A bidirectional partnership between researchers and community members

What does data-driven community engagement mean? And what does its implementation look like in Washington state? This term ‘data-driven community engagement’ characterizes the Office of Community Outreach & Engagement’s (OCOE) approach to fostering a bidirectional partnership between researchers and community members. This method allows research to focus on areas of need within the community for which care is provided and use patient data and community input to see what cancer prevention and control strategies are working well and what needs further improvement. Dr. Jason Mendoza, the Associate Director of Community Outreach and Engagement and Associate Program Head of the Cancer Prevention Program at Fred Hutchinson Cancer Center, received funding from the National Institutes of Health (NIH) to develop a data-driven community engagement plan. This plan was designed to characterize the burden of cancer in Washington state, identify health disparities, and inform resource allocation for need-focused areas of research. The development of this strategy and execution is detailed in a recent publication in the journal of Preventive Oncology & Epidemiology.

“Data-driven community engagement is exciting because it involves collaboration across communities in Washington State and Cancer Consortium investigators,” shared Dr. Jean McDougall, a staff scientist in the Office of Community Outreach and Engagement housed at Fred Hutchinson Cancer Center. “We are using quantitative and qualitative data to identify geographic areas and populations that experience a disproportionate burden of cancer, amplify community voices, and direct resources and research to accelerate health equity.” The Fred Hutch/University of Washington/Seattle Children’s Cancer Consortium was established in 2002 to center these three research institutes on a common goal of treating cancer in a collaborative environment. The Consortium initially focused its catchment area—a designated geographic area served by a NCI-funded research center in which the research, community engagement and outreach services focus on the needs of the region—on 13 counties in Western Washington. In 2022, the catchment area changed to include the whole state (39 counties in total). These efforts led by Dr. Mendoza are expanding data-driven community engagement centered on equitable cancer-related research and healthcare.

The Cancer Consortium has taken a thoughtful and methodical approach to serve all Washington state counties. These steps include an examination of where patients and research infrastructure reside within each county followed by the characterization and comparison of the demographics in each county or local region. Complementary to this information, this group has also sought to better understand community priorities and barriers to engagement with community members. The final step in this process has been to seek feedback and support from advisors from the Community Action, Community Outreach and Engagement, and Consortium boards.

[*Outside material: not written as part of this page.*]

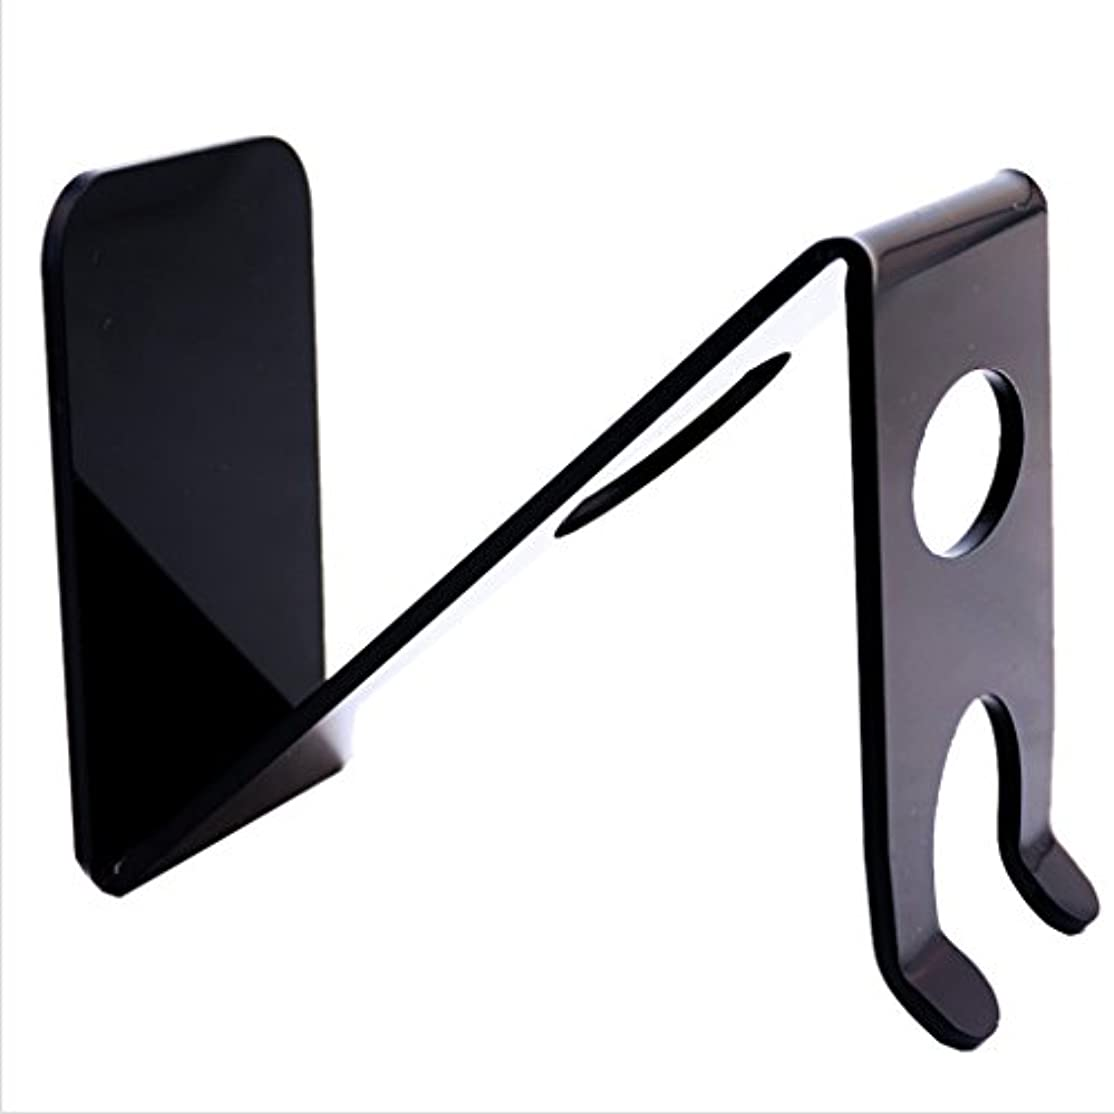 画面調和のとれた形状sharprepublic シェービングブラシ 剃刀 ホルダー スタンド プラスチック z-形状 ブラック 理髪サロン
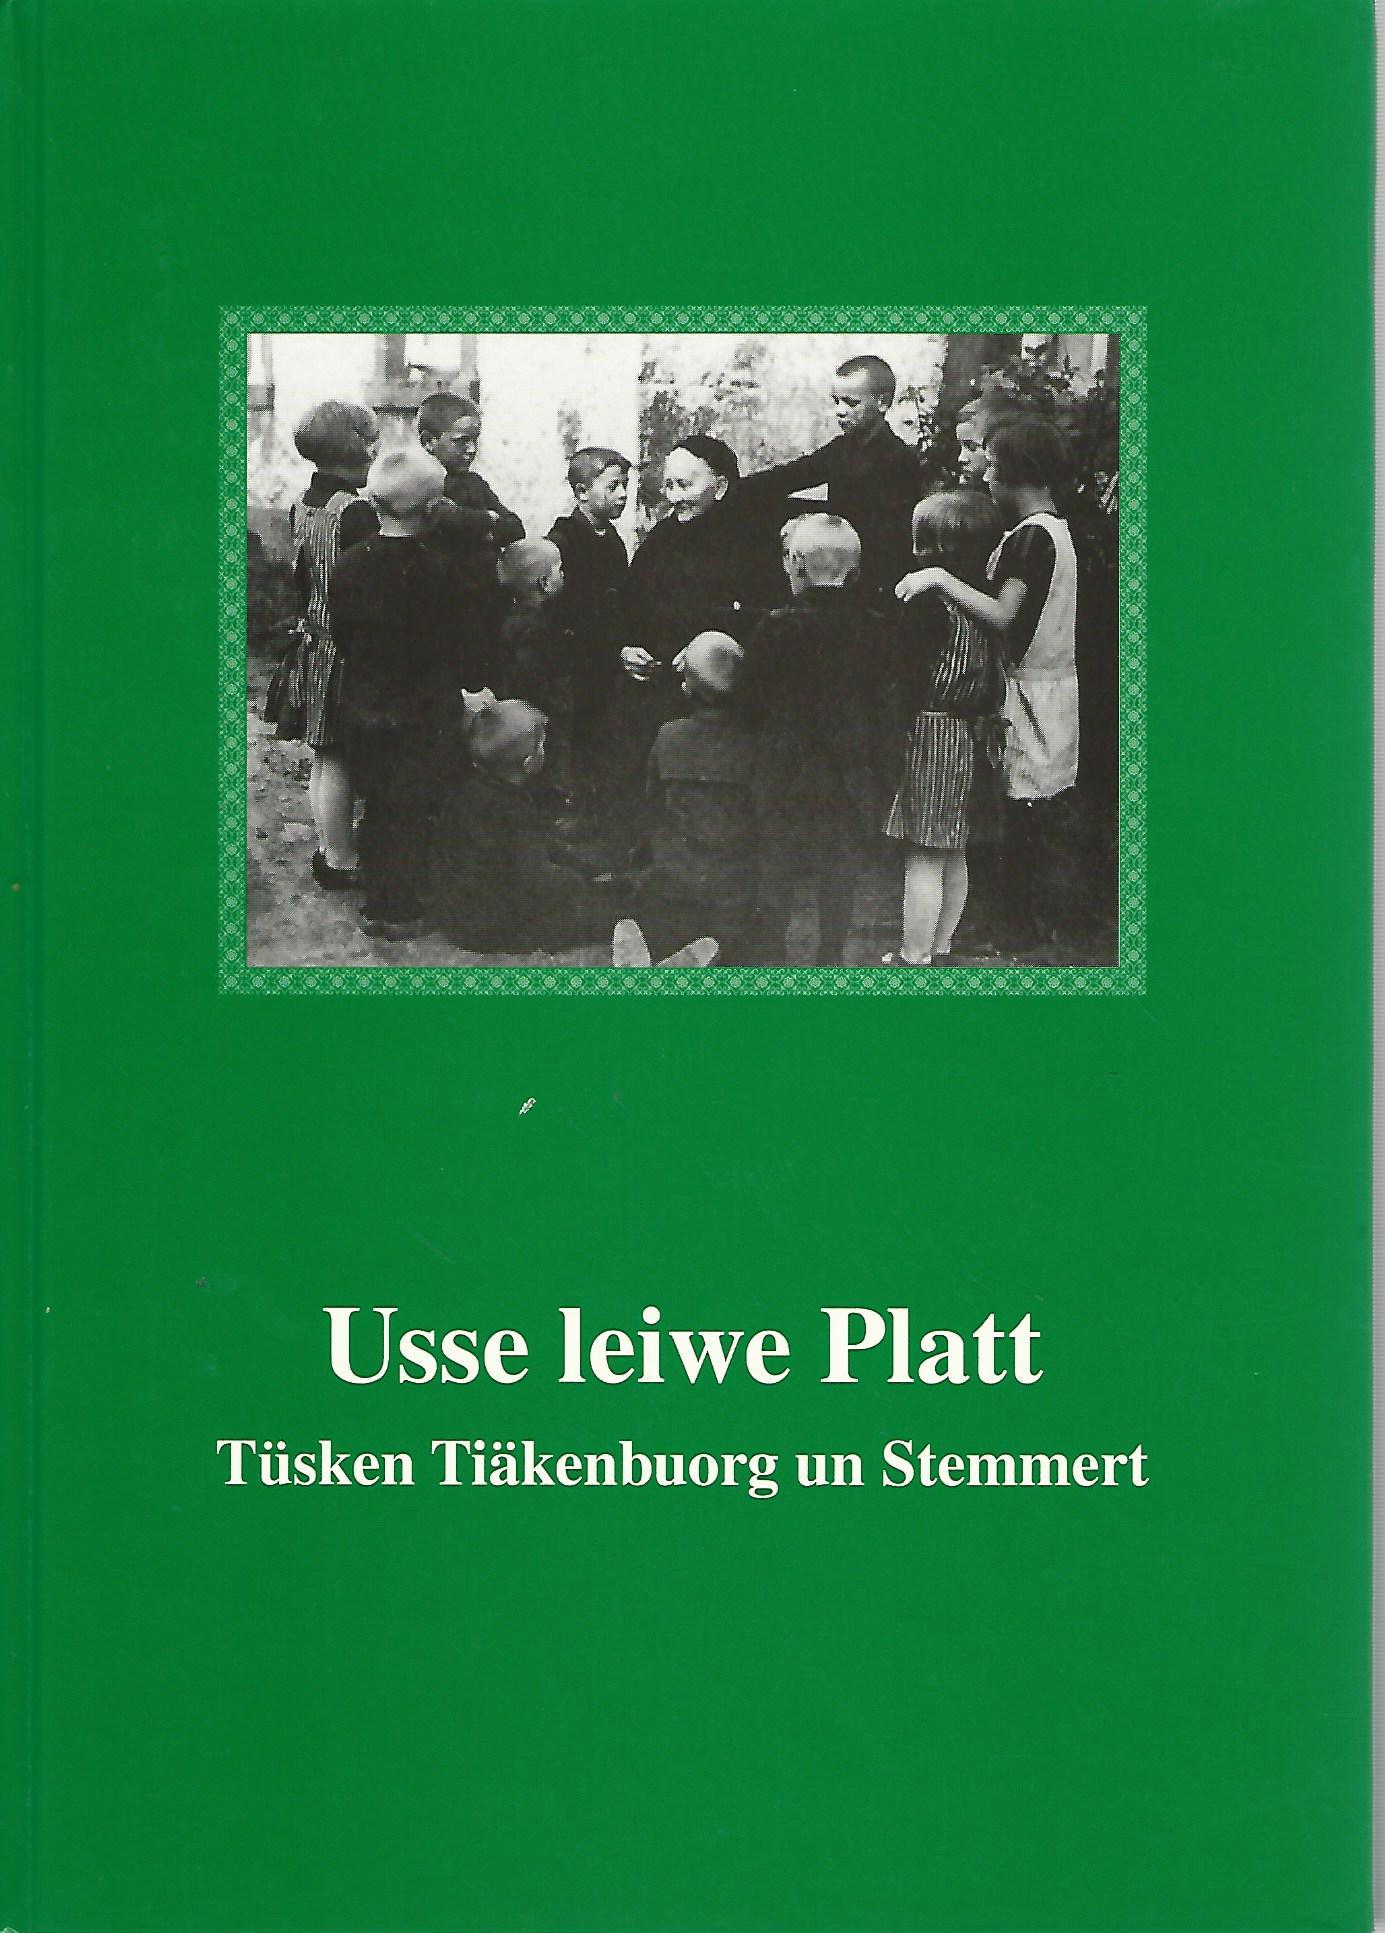 Usse leiwe Platt. Tüsken Tiäkenbuorg un Stemmert.: Kreisheimatbund Steinfurt:

These endeavors by the Cancer Consortium provided valuable insight into health disparities present in the counties beyond the original 13 county catchment area. First, this work supported the need for expanding the catchment area to all 39 counties. Demographic data from the additional counties revealed a higher percentage of Hispanic or Latino people and Indigenous Tribes and Indigenous populations than the original 13 counties supported by the Consortium. Several of these newly supported counties have 50-70% Hispanic or Latino residents, supporting the need for bilingual, culturally concordant community health educators working in communities in Central and Eastern Washington.

Next, identifying community priorities and barriers to engagement shed light on key, actionable issues that require support. Interviews from community members highlighted an interest in knowing the local cancer burden for their county and having metrics to determine the success of outreach programs within their county. Additionally, having a dedicated, bilingual coordinator was emphasized as a need to support successful data-driven community engagement. To provide support in these areas, catchment area data was reviewed and shared with communities through the catchment area data tool, Cancer In Focus^TM Washington, available on the Fred Hutch website.

To support efforts to address cancer-related healthcare disparities, the Cancer Consortium has used this information and additional discussions with advisory board members (including members from Community Action, Community Outreach and Engagement, and Consortium boards) to implement plans that increase the number of Community Health Educators, support two satellite Offices of Community Outreach and Engagement in Sunnyside and Spokane, and form the Indigenous Cancer Health Equity Initiative specifically for strengthening relationships with tribal communities. Additionally, grants funded by the Cancer Consortium—awarded to Fred Hutch, University of Washington or Seattle Children’s researchers—encourage proposals that focus on priority cancer types and populations to raise awareness of these disparities and mitigate them by increasing research growth in these areas. Together, the Cancer Consortium is using data in partnership with communities across the state to advance health equity in cancer research and care in Washington.

The spotlighted research was funded by the National Institutes of Health.

Fred Hutch/University of Washington/Seattle Children's Cancer Consortium members Drs. Allison Cole, Peggy Hannon, Vida Henderson, Myra Parker, Stephen Schwartz, and Jason Mendoza contributed to this work.

McDougall JA, Briant KJ, Carosso E, Cole AM, Dee C, Doody DR, Hannon PA, Henderson V, Johnson S, Parker M, Schwartz SM, Mendoza JA. 2024. Data-Driven Community Engagement: Using Quantitative and Qualitative Data to Set Priorities and Launch New Initiatives in a Growing Catchment Area. Prev Oncol Epidemiol. 2(1):2382286.